====== DATA

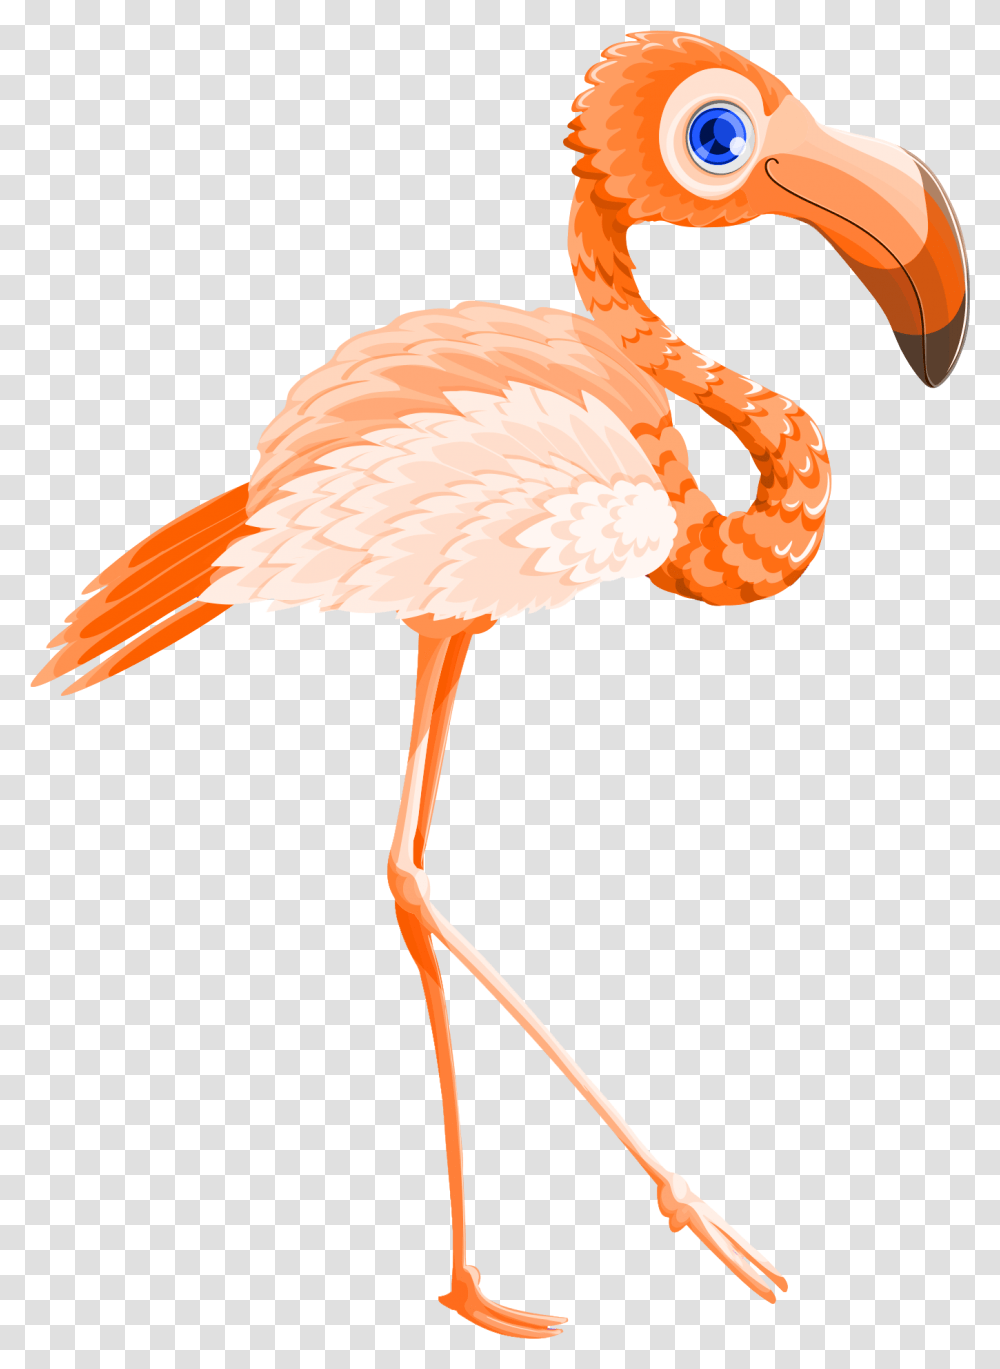 Flamingo Bird Vector Image Pngpix Vector Graphics, Animal, Lamp Transparent Png
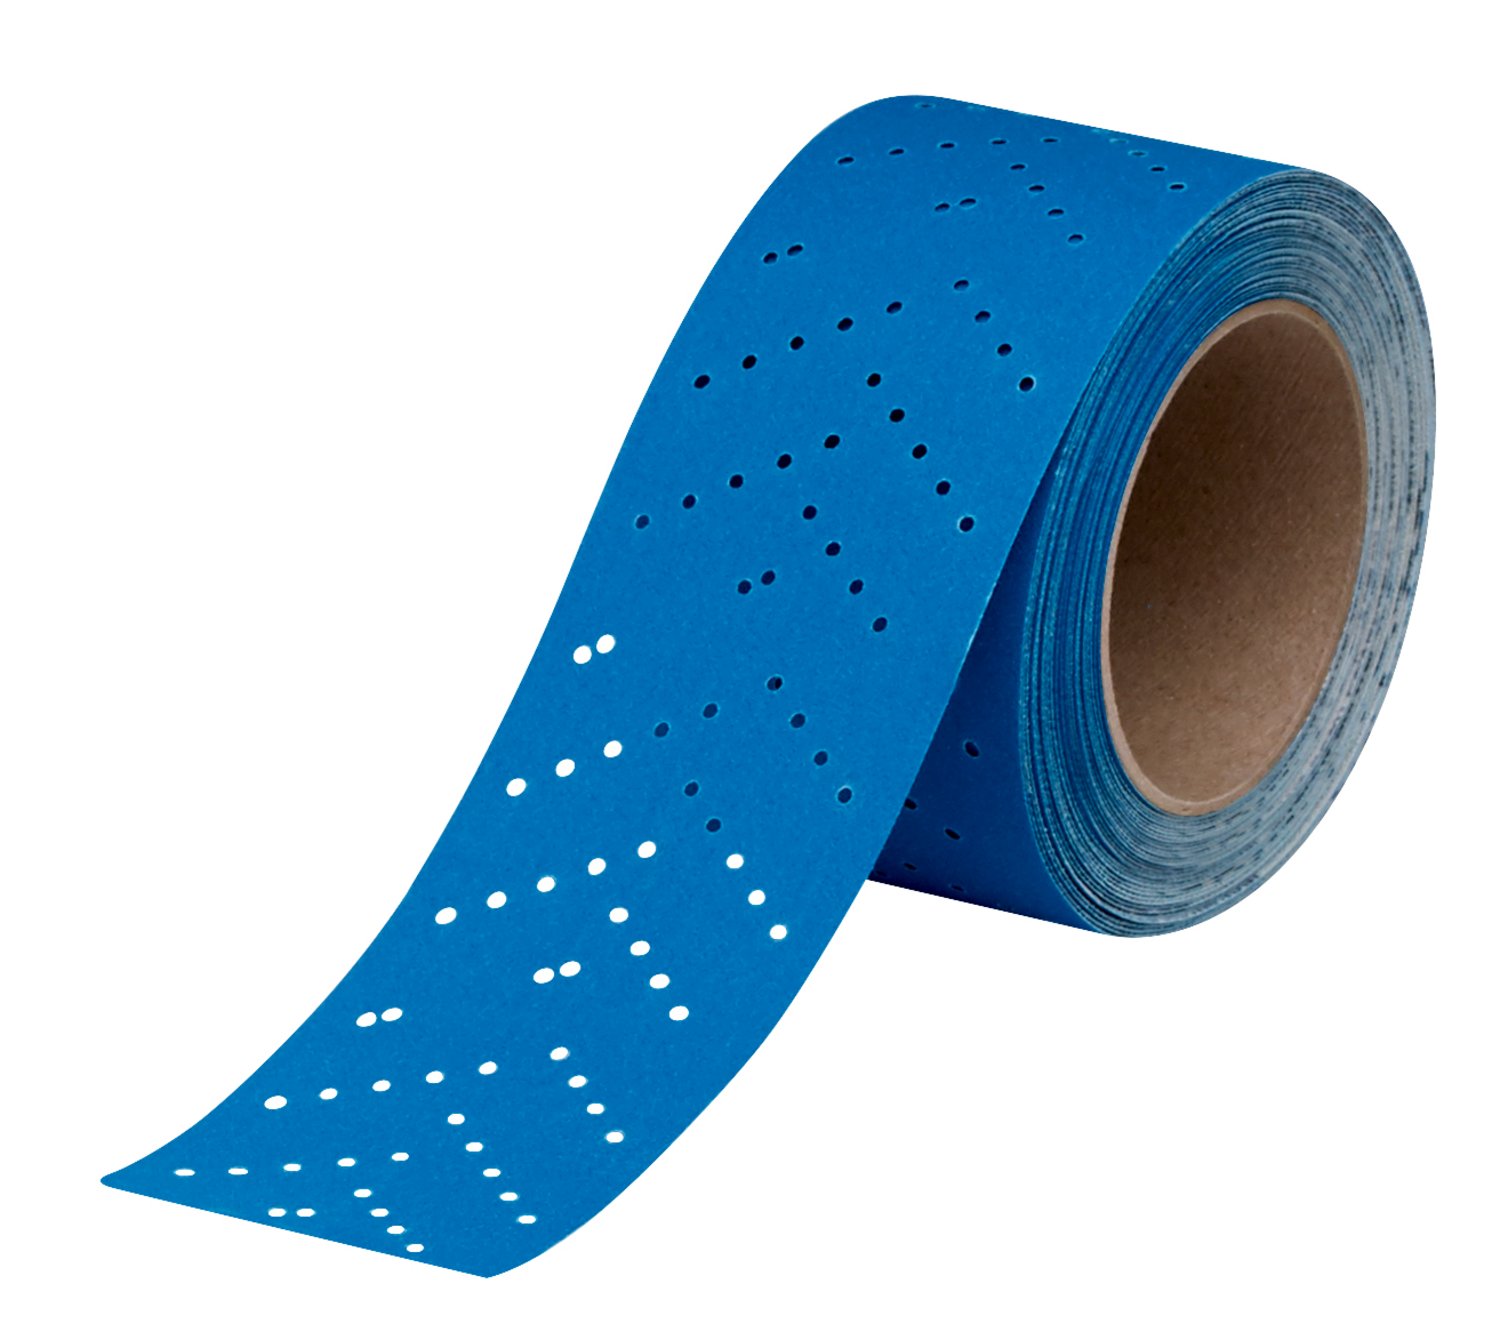 7100219219 - 3M Hookit Blue Abrasive Sheet Roll, 36193, 240 grade, 2.75 in x 13 yd, Multi-hole, 4 per case
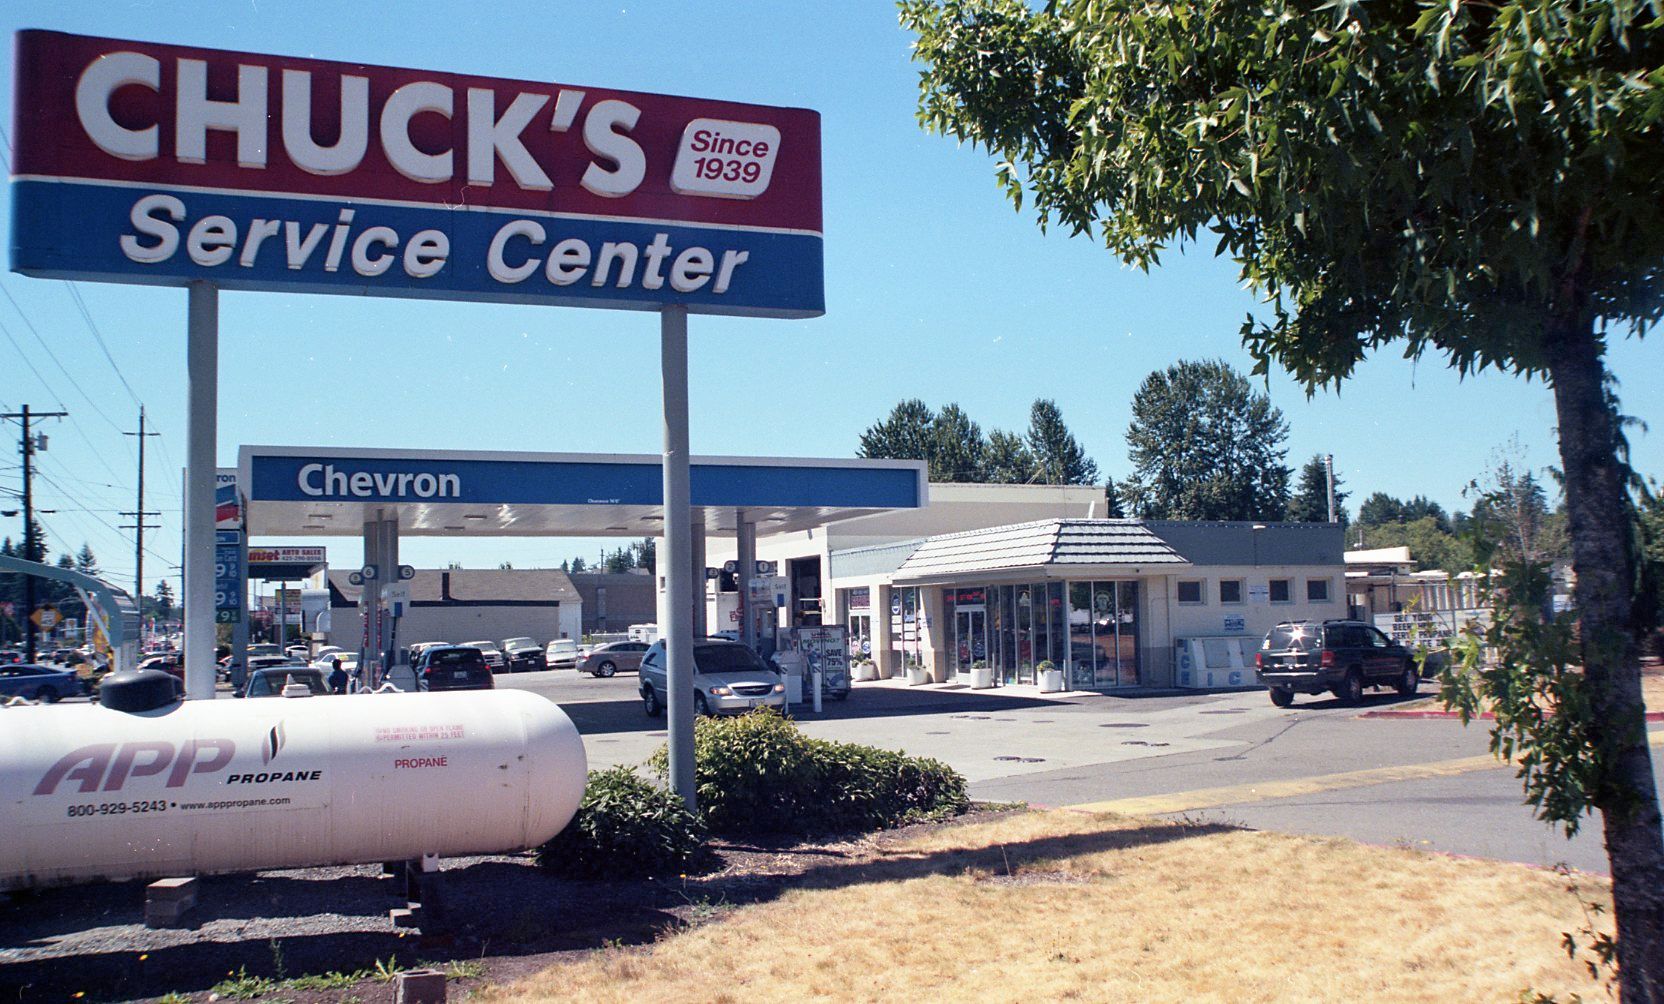 Chuck's Chevron Services Center

============

TASK OBJECTIVE
Pass over the images and copy the rest of the material above exactly.

RESPONSE
 Flamingo Bird Vector Image Pngpix Vector Graphics, Animal, Lamp Transparent Png
 7100219219 - 3M Hookit Blue Abrasive Sheet Roll, 36193, 240 grade, 2.75 in x 13 yd, Multi-hole, 4 per case
 Chuck's Chevron Services Center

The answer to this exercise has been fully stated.